• WORK ITEM
Only the pictures are to be dropped, and the rest of the data should be copied exactly.

Top of DATASET SECTION

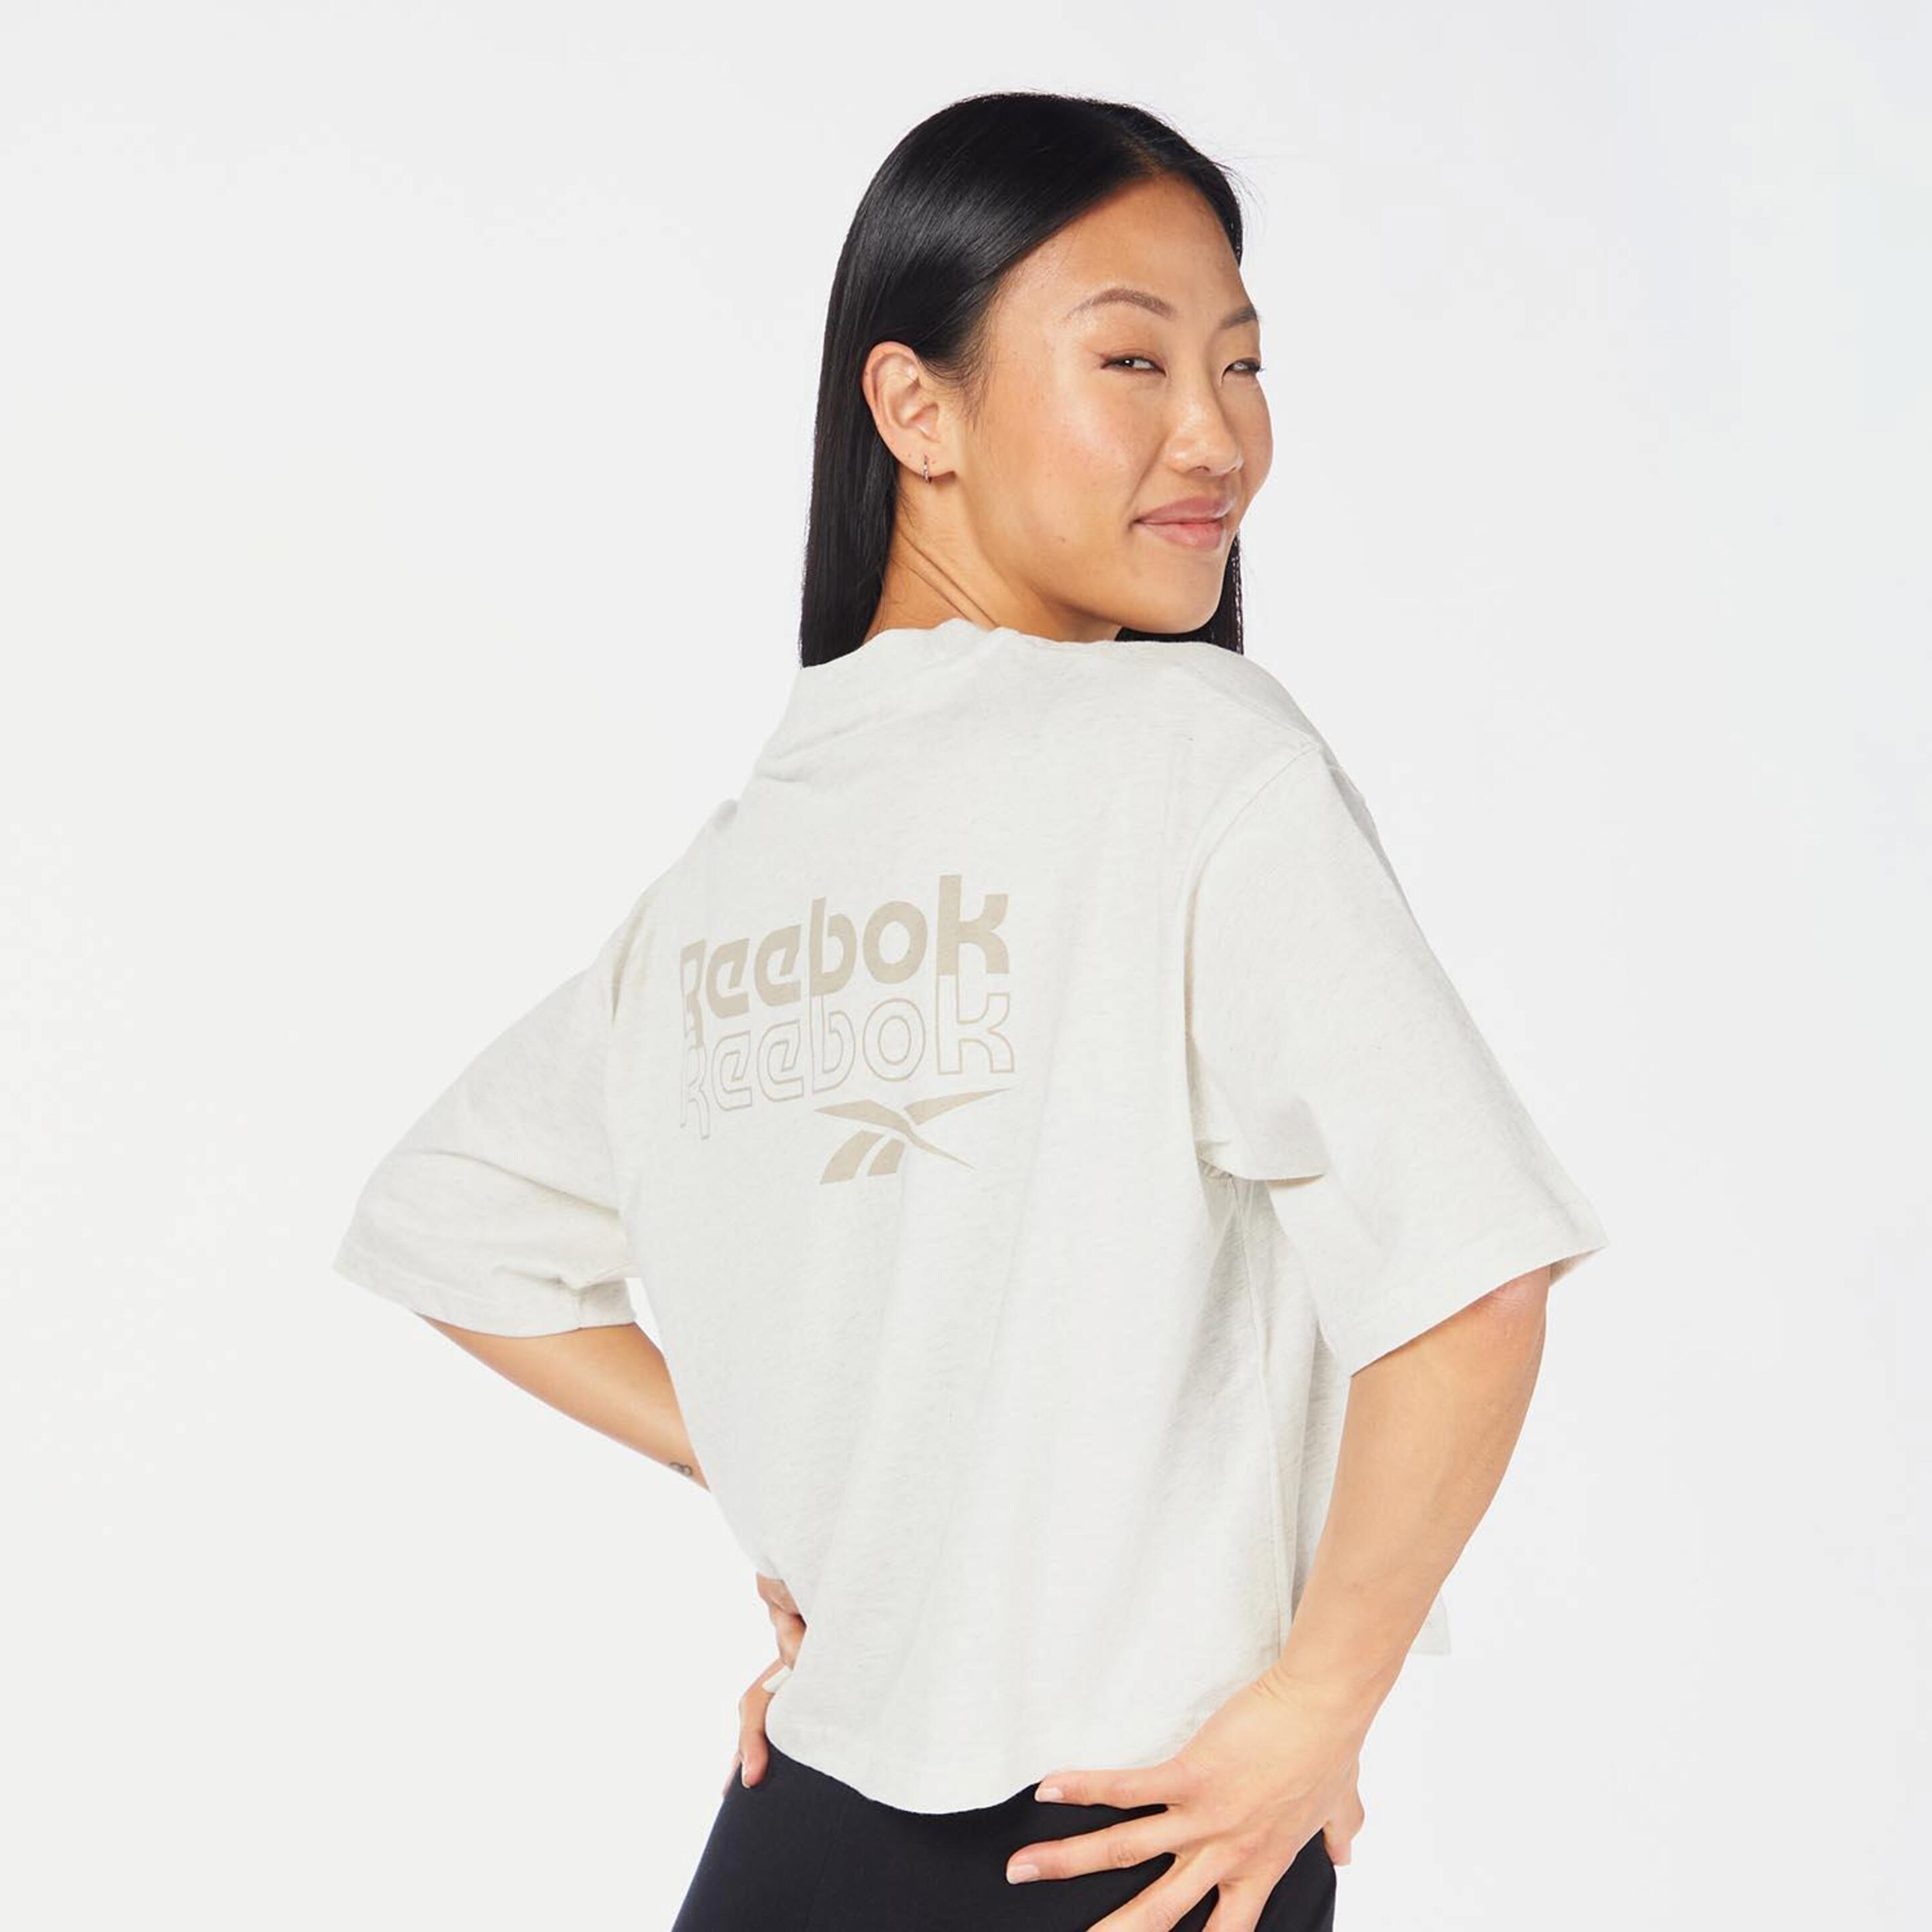 Reebok Rie - Arena - Camiseta Mujer
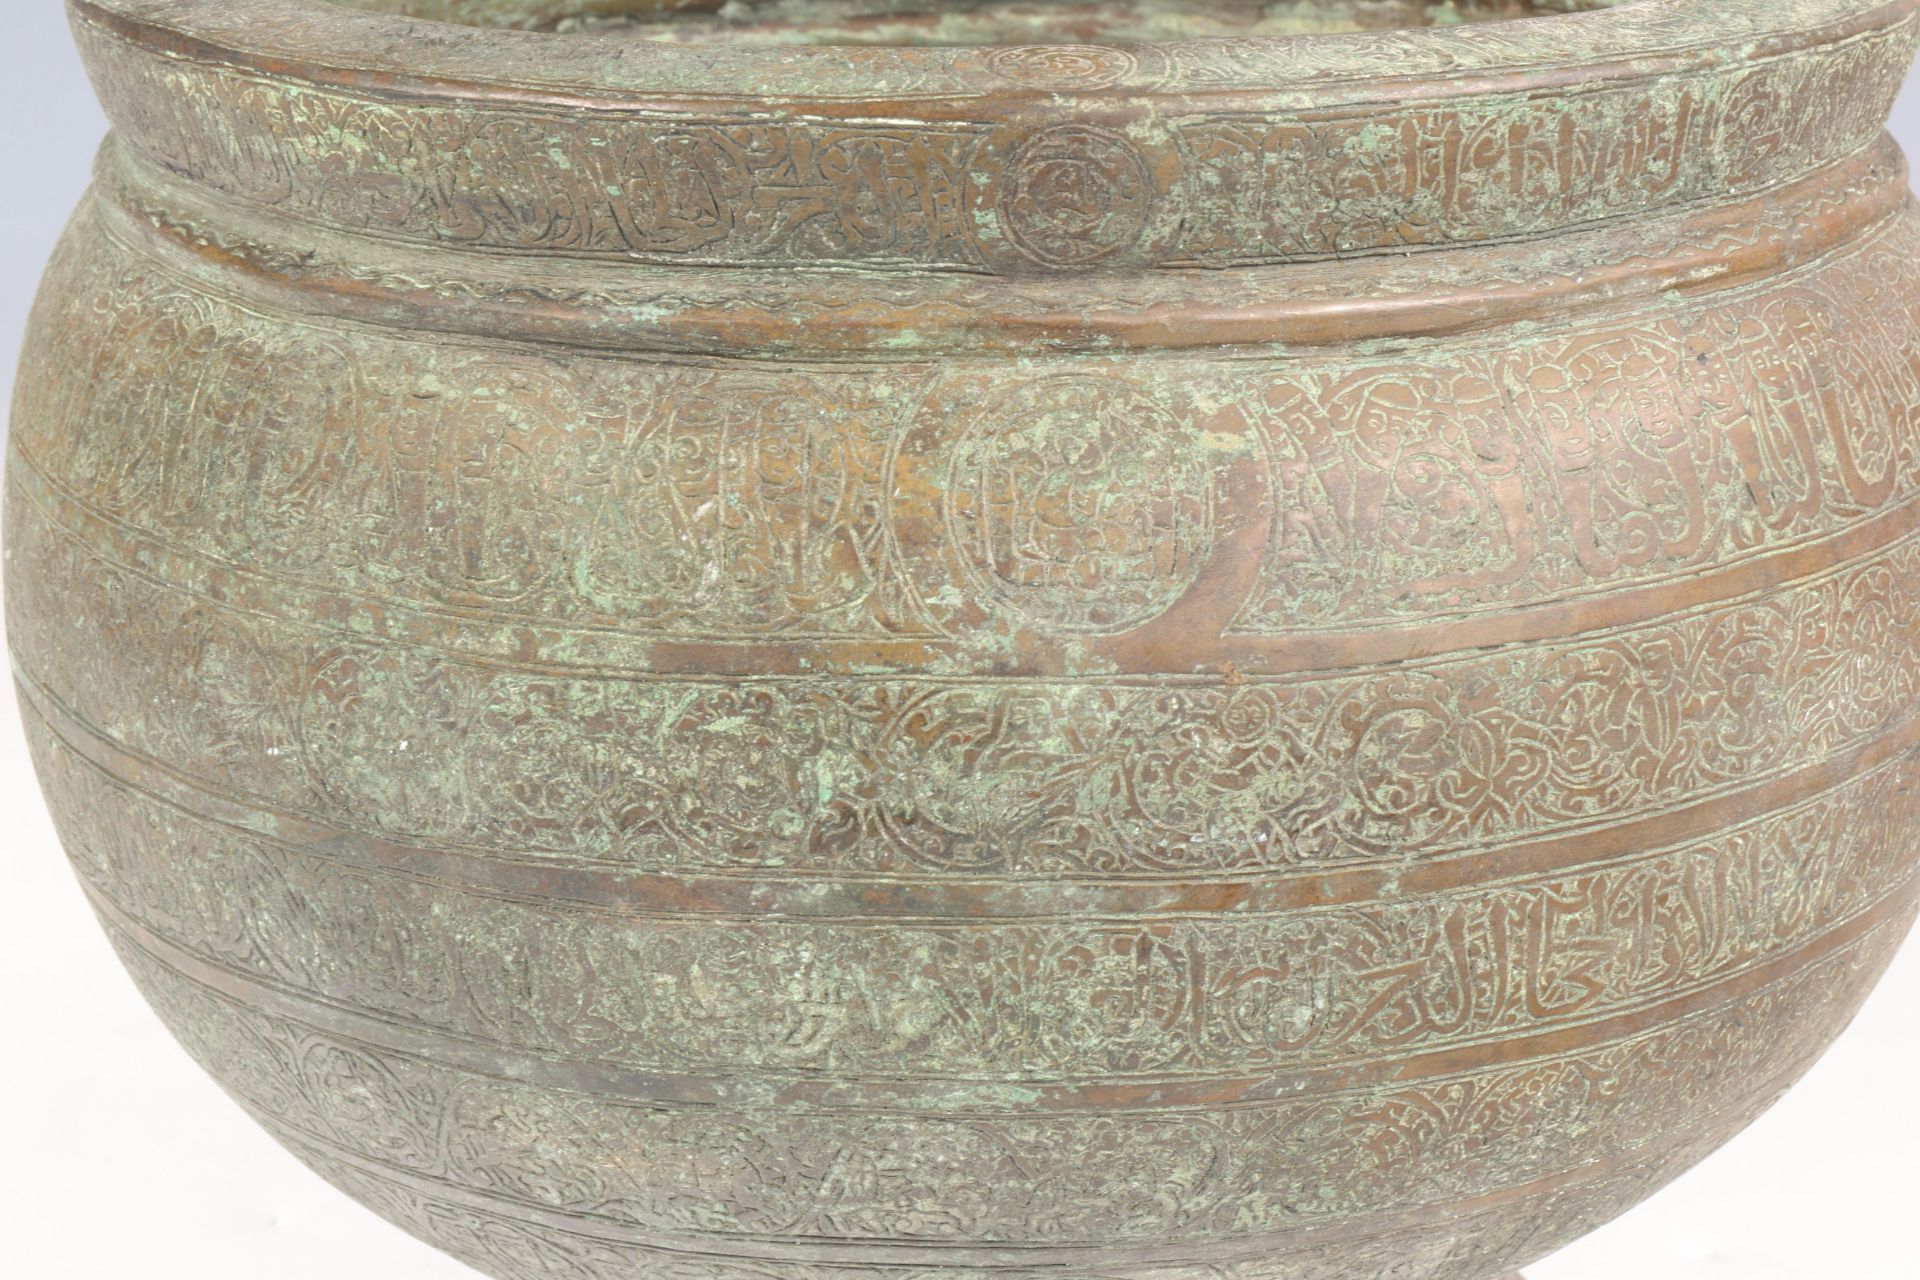 A Persian bronze tripot cauldron, Khorasan, 13th century or later. - Bild 3 aus 4
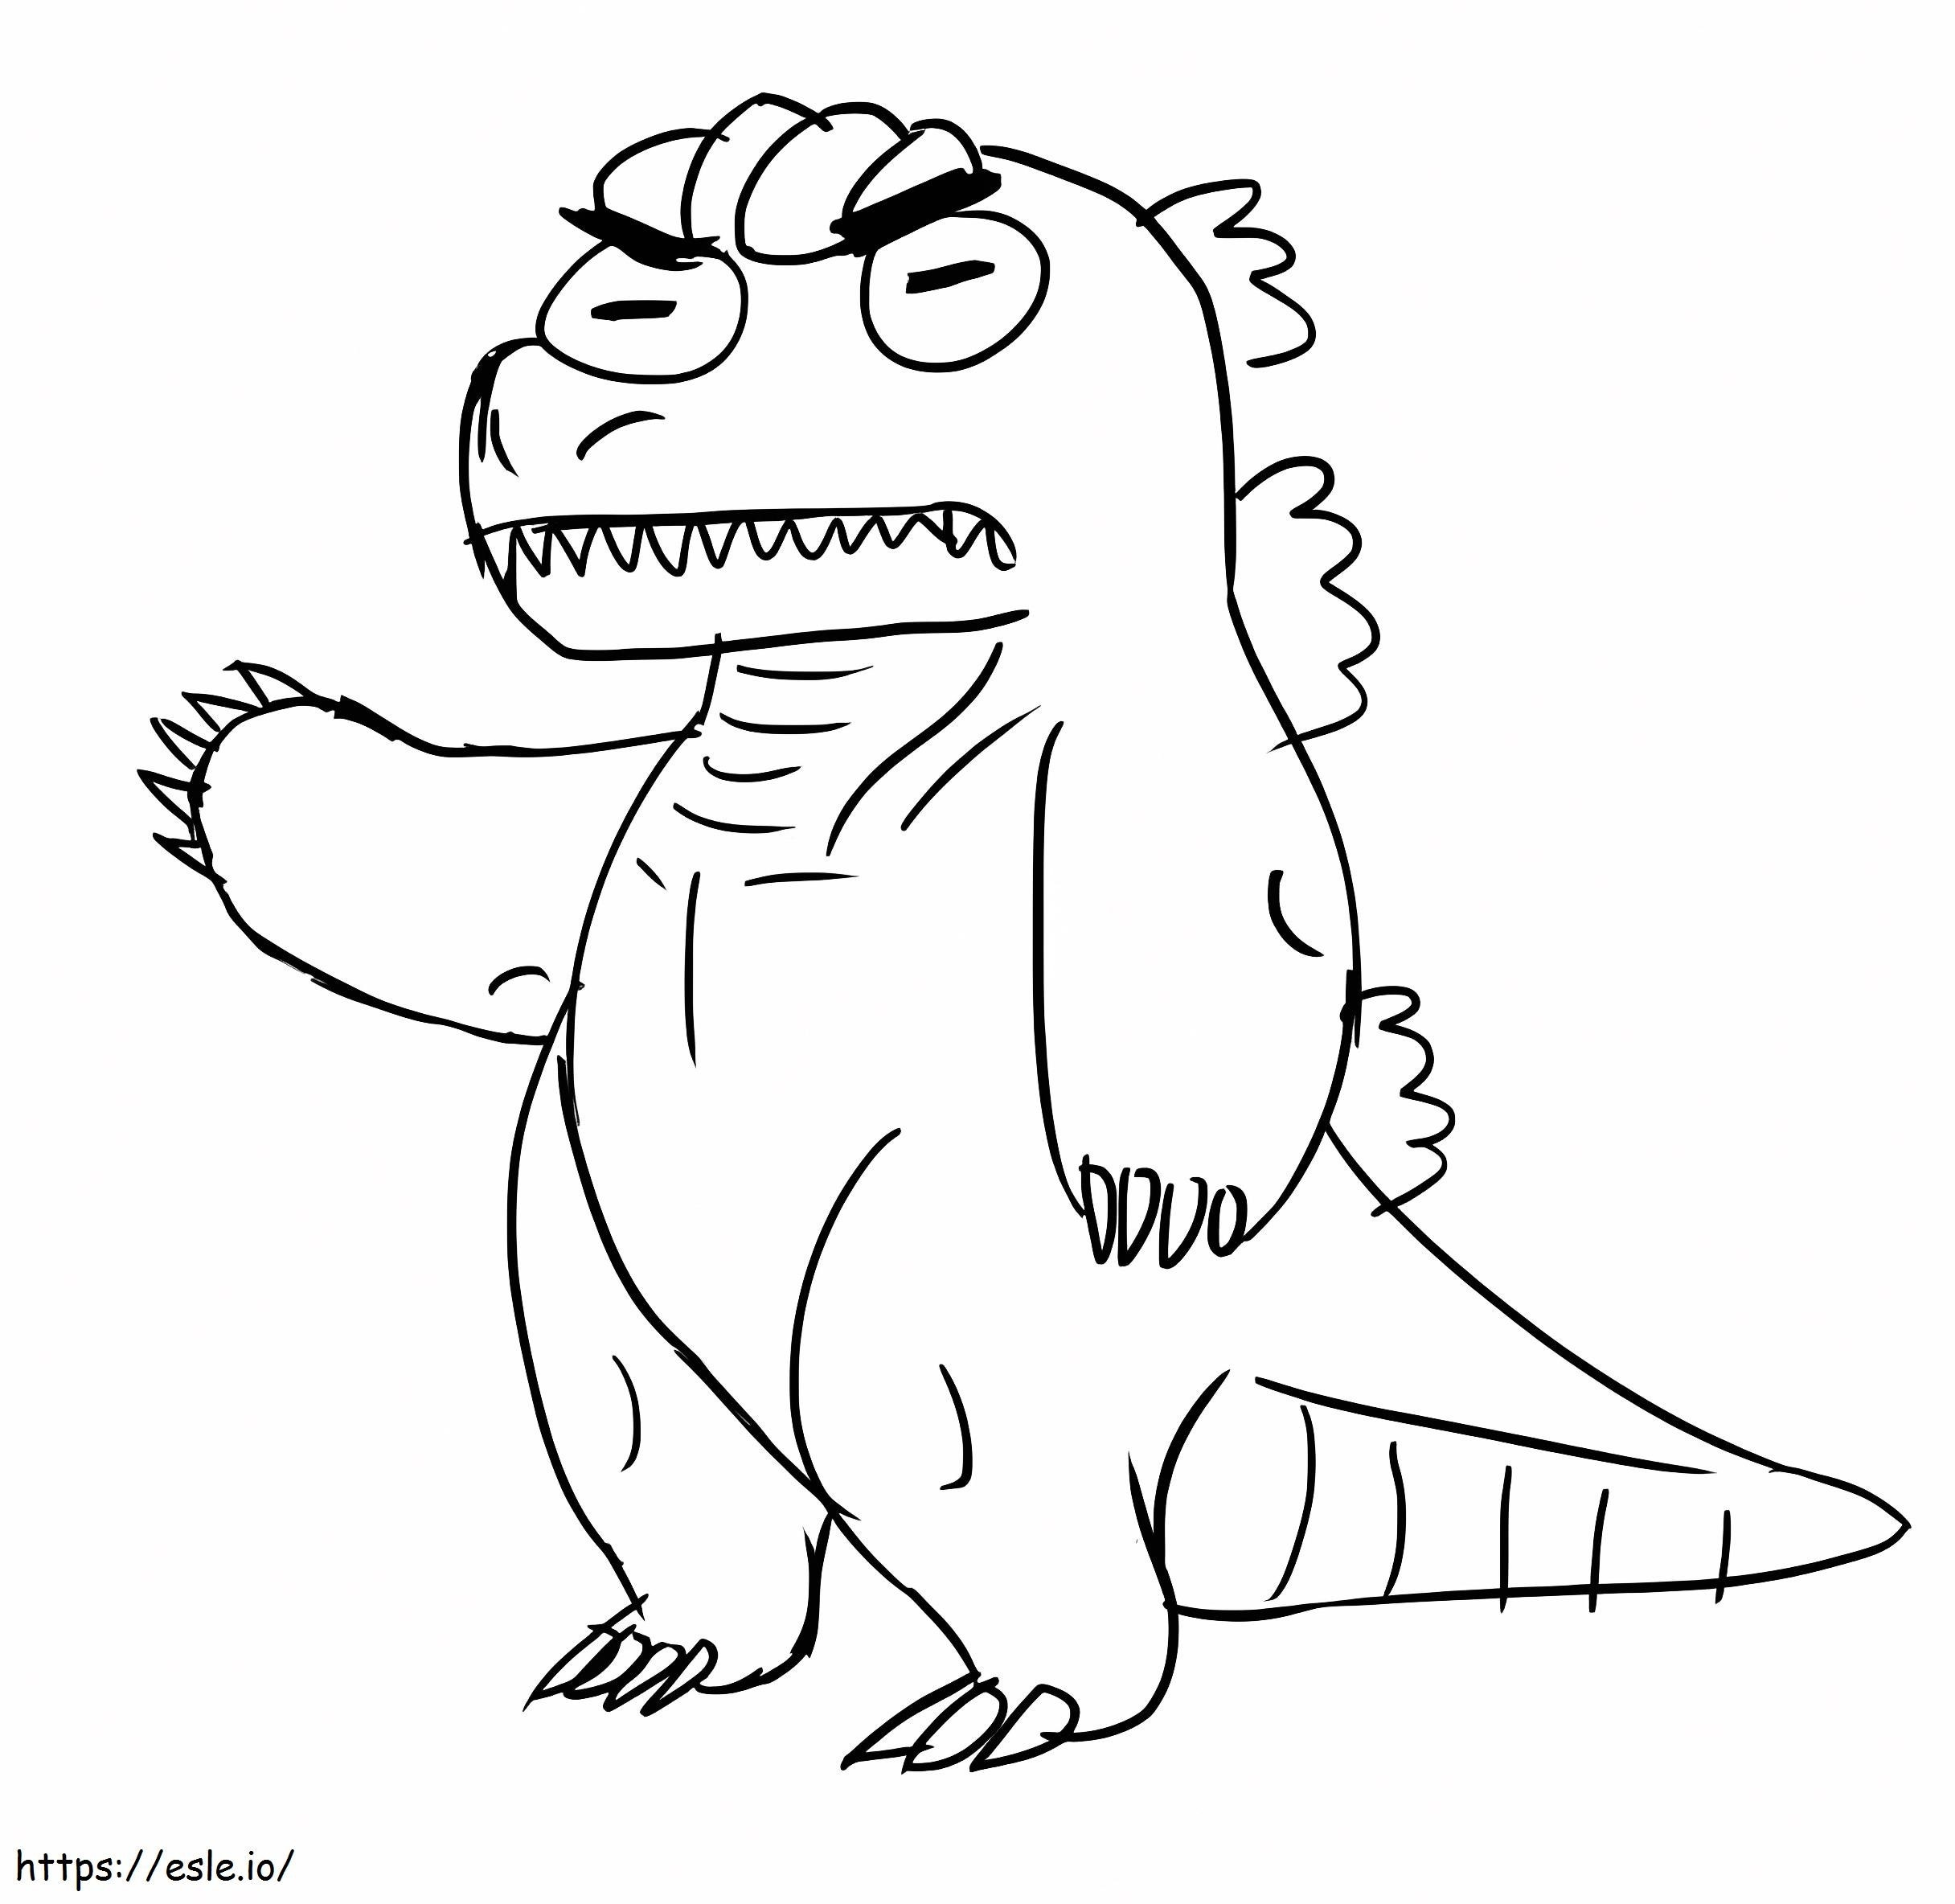 Adorable Godzilla coloring page

Bottom of DATASET SECTION

• TASK SOLUTION
 Reebok Rie - Arena - Camiseta Mujer
 A Persian bronze tripot cauldron, Khorasan, 13th century or later. - Bild 3 aus 4
 Adorable Godzilla coloring page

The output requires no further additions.